→ **RECORDS FOR THIS EXERCISE**:

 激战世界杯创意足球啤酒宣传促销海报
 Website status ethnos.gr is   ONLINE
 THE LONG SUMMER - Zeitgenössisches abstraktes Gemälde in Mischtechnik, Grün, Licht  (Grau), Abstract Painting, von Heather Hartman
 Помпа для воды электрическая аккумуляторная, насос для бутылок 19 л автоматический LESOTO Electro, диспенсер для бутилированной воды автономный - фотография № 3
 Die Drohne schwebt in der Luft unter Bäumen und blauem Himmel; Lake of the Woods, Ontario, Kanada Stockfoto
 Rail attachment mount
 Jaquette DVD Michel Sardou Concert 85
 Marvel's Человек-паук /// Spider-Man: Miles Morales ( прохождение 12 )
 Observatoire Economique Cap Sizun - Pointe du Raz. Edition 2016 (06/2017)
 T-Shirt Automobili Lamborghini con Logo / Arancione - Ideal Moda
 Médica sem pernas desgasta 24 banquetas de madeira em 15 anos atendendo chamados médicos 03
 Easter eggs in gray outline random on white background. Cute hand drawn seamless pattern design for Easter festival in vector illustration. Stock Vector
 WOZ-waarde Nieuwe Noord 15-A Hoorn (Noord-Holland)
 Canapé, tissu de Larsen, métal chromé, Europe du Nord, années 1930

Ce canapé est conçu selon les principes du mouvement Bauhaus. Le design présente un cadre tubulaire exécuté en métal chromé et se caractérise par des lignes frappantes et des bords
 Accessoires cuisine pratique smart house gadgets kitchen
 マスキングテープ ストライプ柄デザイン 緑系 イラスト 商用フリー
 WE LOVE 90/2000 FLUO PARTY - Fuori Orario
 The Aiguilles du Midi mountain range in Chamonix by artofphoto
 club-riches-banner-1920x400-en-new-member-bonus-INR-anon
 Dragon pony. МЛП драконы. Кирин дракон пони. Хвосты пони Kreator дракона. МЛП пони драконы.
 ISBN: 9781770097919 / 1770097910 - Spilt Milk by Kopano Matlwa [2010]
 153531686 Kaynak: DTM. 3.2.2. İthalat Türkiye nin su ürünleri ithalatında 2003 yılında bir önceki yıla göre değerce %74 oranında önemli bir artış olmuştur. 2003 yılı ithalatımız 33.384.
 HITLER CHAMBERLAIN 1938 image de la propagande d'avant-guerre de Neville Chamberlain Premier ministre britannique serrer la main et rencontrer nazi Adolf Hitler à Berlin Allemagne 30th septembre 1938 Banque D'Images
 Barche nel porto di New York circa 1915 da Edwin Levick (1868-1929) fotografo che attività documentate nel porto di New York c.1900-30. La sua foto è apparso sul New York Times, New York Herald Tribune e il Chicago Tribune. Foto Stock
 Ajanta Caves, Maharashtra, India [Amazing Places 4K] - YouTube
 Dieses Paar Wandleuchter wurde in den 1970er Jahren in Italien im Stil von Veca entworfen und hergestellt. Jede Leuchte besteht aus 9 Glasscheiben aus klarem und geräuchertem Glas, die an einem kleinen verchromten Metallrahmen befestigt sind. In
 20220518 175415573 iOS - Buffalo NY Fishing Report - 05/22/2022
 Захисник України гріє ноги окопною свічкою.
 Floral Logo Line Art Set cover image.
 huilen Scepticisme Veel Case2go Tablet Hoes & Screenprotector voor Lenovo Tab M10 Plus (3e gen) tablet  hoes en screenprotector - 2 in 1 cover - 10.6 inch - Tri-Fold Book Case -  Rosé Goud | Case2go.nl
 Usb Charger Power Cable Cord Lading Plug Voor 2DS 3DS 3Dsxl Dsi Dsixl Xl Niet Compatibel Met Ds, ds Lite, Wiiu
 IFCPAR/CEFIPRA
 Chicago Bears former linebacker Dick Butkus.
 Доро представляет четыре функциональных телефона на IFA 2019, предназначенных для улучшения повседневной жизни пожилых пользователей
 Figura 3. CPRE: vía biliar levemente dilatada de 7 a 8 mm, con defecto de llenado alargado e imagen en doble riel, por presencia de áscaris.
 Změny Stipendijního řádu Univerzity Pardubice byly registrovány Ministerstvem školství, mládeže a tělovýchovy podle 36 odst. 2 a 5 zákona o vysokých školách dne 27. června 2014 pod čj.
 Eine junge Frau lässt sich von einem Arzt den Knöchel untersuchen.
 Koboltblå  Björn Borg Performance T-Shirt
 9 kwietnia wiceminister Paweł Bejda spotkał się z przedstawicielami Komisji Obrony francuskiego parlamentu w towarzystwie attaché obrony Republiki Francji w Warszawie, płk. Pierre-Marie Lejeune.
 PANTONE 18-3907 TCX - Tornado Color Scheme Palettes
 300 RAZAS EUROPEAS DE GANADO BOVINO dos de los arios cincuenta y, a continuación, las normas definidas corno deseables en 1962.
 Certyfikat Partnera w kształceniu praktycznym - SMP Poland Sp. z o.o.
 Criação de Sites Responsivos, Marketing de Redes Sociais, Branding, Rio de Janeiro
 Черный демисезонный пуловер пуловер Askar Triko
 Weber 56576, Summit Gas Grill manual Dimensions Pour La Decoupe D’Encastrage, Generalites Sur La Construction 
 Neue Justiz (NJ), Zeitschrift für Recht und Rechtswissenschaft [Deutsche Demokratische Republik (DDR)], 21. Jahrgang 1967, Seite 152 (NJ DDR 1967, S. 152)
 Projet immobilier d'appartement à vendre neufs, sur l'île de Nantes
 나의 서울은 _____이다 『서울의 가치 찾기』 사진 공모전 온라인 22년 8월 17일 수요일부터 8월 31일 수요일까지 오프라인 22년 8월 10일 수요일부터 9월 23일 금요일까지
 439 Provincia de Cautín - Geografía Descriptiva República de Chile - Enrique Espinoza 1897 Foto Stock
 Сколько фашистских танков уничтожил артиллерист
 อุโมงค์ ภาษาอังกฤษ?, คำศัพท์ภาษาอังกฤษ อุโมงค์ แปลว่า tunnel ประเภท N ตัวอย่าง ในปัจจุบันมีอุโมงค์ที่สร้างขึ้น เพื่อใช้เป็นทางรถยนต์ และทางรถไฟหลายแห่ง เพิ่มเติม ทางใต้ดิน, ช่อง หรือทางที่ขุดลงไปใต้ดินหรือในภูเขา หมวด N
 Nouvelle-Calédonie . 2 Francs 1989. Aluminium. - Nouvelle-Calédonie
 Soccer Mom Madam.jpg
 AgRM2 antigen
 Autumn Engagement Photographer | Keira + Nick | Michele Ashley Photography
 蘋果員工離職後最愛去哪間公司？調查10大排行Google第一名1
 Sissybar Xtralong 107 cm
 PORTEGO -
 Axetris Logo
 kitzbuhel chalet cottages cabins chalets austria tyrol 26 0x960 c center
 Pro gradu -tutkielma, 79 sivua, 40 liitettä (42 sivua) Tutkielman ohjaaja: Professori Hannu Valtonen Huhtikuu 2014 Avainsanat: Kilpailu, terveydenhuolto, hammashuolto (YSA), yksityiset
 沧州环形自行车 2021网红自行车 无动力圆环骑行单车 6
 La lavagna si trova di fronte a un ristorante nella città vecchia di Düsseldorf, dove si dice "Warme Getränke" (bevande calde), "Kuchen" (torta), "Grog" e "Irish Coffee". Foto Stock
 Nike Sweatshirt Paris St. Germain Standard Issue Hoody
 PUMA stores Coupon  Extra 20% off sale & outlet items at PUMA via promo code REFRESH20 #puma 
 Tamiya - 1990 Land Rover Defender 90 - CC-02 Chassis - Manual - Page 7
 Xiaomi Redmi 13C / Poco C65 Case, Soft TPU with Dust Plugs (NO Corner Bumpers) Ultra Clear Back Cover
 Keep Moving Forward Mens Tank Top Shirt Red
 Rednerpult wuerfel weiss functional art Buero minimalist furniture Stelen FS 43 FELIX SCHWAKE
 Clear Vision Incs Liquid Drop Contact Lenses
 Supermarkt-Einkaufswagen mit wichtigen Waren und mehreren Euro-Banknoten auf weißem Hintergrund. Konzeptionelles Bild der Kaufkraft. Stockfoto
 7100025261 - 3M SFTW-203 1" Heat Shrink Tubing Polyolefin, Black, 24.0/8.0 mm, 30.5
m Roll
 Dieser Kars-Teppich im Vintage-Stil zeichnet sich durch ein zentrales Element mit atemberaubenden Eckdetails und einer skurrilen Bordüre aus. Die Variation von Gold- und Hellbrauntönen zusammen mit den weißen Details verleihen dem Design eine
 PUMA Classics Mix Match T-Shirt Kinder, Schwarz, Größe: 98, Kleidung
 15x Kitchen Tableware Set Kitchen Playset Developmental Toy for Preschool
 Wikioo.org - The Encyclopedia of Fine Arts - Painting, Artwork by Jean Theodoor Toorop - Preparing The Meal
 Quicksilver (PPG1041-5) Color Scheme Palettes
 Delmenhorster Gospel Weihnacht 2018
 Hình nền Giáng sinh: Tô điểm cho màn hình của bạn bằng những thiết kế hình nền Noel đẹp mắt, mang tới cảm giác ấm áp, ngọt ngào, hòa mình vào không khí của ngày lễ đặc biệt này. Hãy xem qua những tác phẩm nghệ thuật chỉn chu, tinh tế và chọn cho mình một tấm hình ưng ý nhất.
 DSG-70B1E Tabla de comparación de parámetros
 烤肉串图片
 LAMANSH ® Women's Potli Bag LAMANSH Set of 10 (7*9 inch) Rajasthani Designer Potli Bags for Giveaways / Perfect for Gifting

→ **TASK**: Each line in the data that holds the string "einem" should be found and copied.

→ **EXERCISE ANSWER**:
 Dieses Paar Wandleuchter wurde in den 1970er Jahren in Italien im Stil von Veca entworfen und hergestellt. Jede Leuchte besteht aus 9 Glasscheiben aus klarem und geräuchertem Glas, die an einem kleinen verchromten Metallrahmen befestigt sind. In
 Eine junge Frau lässt sich von einem Arzt den Knöchel untersuchen.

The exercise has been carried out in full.